- **Required action**:
Please reproduce the data in its entirety, word for word.

START Exercise data

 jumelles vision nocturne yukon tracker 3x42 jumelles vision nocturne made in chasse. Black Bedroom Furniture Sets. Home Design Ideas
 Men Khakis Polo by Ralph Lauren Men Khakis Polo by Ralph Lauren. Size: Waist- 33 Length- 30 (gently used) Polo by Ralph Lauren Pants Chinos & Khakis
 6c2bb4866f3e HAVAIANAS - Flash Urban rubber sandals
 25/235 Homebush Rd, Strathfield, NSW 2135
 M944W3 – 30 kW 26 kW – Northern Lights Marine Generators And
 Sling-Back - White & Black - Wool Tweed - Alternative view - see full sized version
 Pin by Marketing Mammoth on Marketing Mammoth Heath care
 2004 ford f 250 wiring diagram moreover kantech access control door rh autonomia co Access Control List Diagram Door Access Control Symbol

END Exercise data

- **Response area**:
 jumelles vision nocturne yukon tracker 3x42 jumelles vision nocturne made in chasse. Black Bedroom Furniture Sets. Home Design Ideas
 Men Khakis Polo by Ralph Lauren Men Khakis Polo by Ralph Lauren. Size: Waist- 33 Length- 30 (gently used) Polo by Ralph Lauren Pants Chinos & Khakis
 6c2bb4866f3e HAVAIANAS - Flash Urban rubber sandals
 25/235 Homebush Rd, Strathfield, NSW 2135
 M944W3 – 30 kW 26 kW – Northern Lights Marine Generators And
 Sling-Back - White & Black - Wool Tweed - Alternative view - see full sized version
 Pin by Marketing Mammoth on Marketing Mammoth Heath care
 2004 ford f 250 wiring diagram moreover kantech access control door rh autonomia co Access Control List Diagram Door Access Control Symbol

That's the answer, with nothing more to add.